There is a small terminology catch: what everyone else calls a feed-forward neural network here is a sequential model, which may suggest a model for sequences of variable length, such as time series. Its input has length four, as the input_dim parameter specifies. The two layers of this network are added one at a time, calling a function named with the desired connectivity pattern, Dense, and parametrized with their sizes and, optionally, activation functions. Everything else is set to reasonable defaults customizable with additional parameters. Let’s see what this looked like in Tensorflow before Keras was bundled with it:

inputs = placeholder(float32, shape=(None, 4))


# Hidden layer
hidden_size = 10
weights_hidden = Variable(random_normal([hidden_size, 4], stddev=0.01))
bias_hidden = Variable(constant(0.1, shape=(hidden_size, 1)))
hidden = relu(add(matmul(weights_hidden, transpose(inputs)), bias_hidden))


# Output layer
weights_output = Variable(random_normal([1, hidden_size], stddev=0.01), name='weights_output')
bias_output = Variable(random_normal([1, 1]))
output = add(matmul(weights_output, hidden), bias_output)

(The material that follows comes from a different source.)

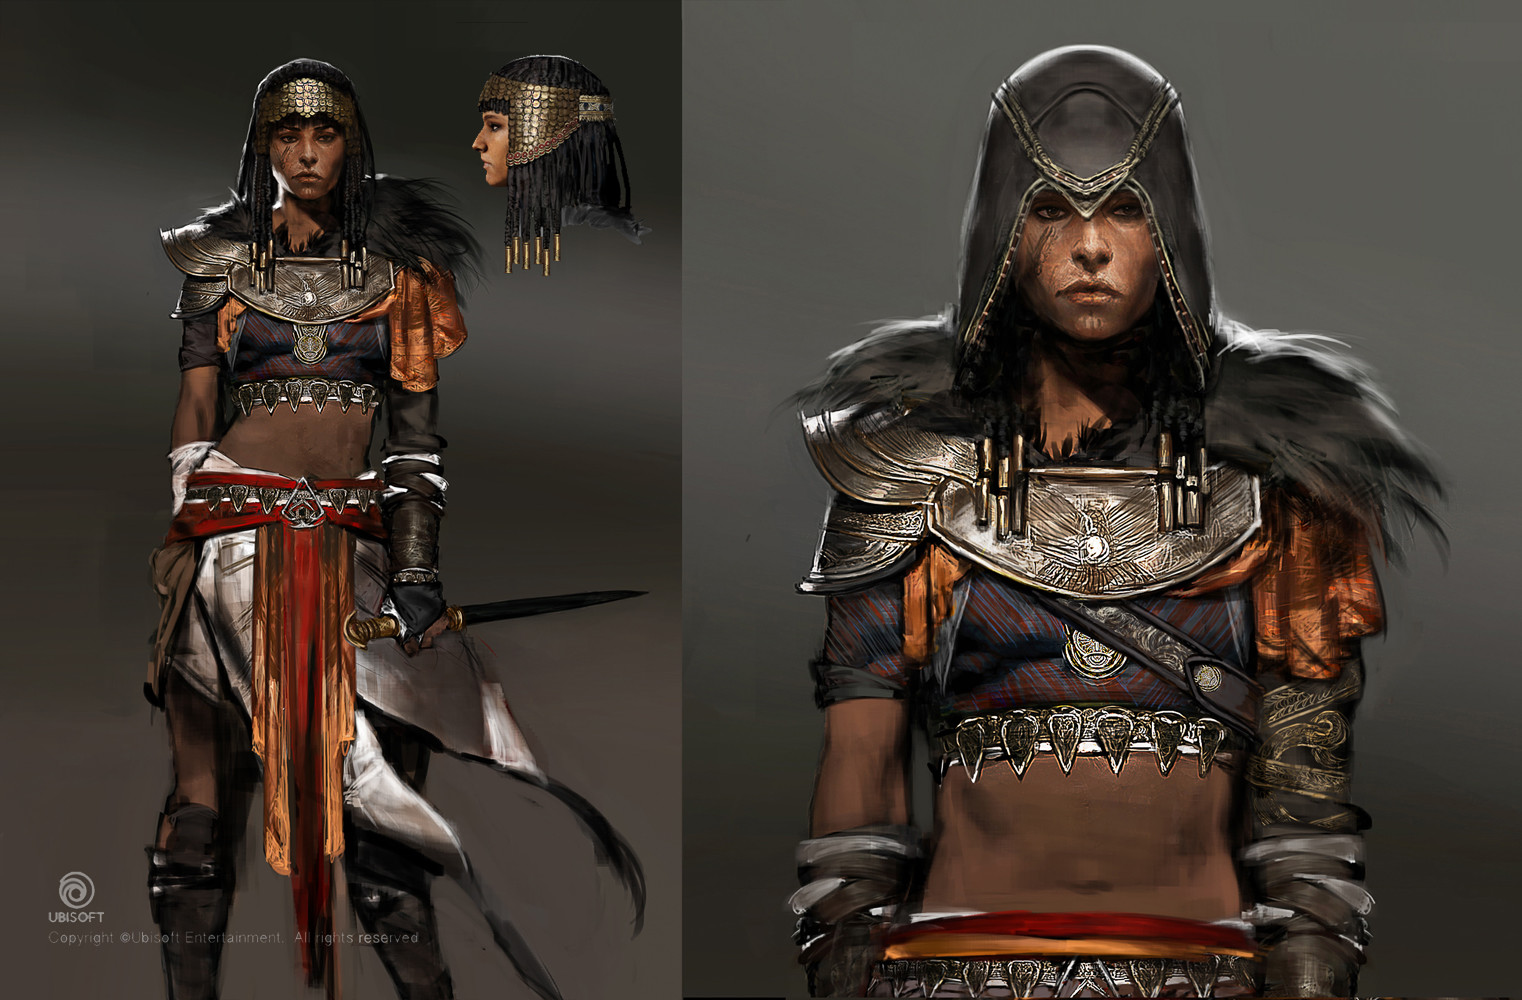 Assassin's Creed: Origins The Hidden Ones DLC outfits - Bayek and Aya.

The general structure is the same: we start with an input layer, created with the opaquely named placeholder, then create a hidden layer, and finally an output layer, but each requires 3-4 lines. Crucial to creating each is the also opaquely named Variable, which creates a vector or matrix object that can be initialized and later optimized during training. You can see different initialization strategies being used. The layers’ definitions make explicit the underlying mathematical operations, such as add, matmul, and relu, and are combined by function composition instead of the add method. On the one hand, this approach enables the complex architectures used in deep learning, for which the Sequential API in Keras is inadequate. On the other, they expose lots of details practitioners are often happy to leave at defaults, resulting in three times as much code. Particularly burdensome are those details about layer dimensions that need to be compatible between layers and are all calculated automatically in Keras. Confusingly, the layer dimensions, for which there are no reasonable defaults, must be specified as parameters to the initialization strategy, for which, instead, there are defaults. It may seem a classic case of power vs. ease-of-use trade-off: after all, reducing a layer to its mathematical definition means we can swap one transformation for another and create all sorts of experimental neural modules. Moreover, composing those modules by name means great flexibility in defining complex architectures. However, Keras isn’t only for feed-forward neural networks: its Sequential API is just a teaser for newcomers or the result of recognizing this type of network is perfectly adequate in many applications. For more advanced ones, it offers a Functional API, more similar to the one native to Tensorflow, but with significant differences. The following is how the same network can be defined using this API:

inputs = keras.Input(shape=(4,))
dense = layers.Dense(10, activation="relu")
hidden = dense(inputs)
outputs = layers.Dense(1)(hidden)
model = keras.Model(inputs=inputs, outputs=outputs)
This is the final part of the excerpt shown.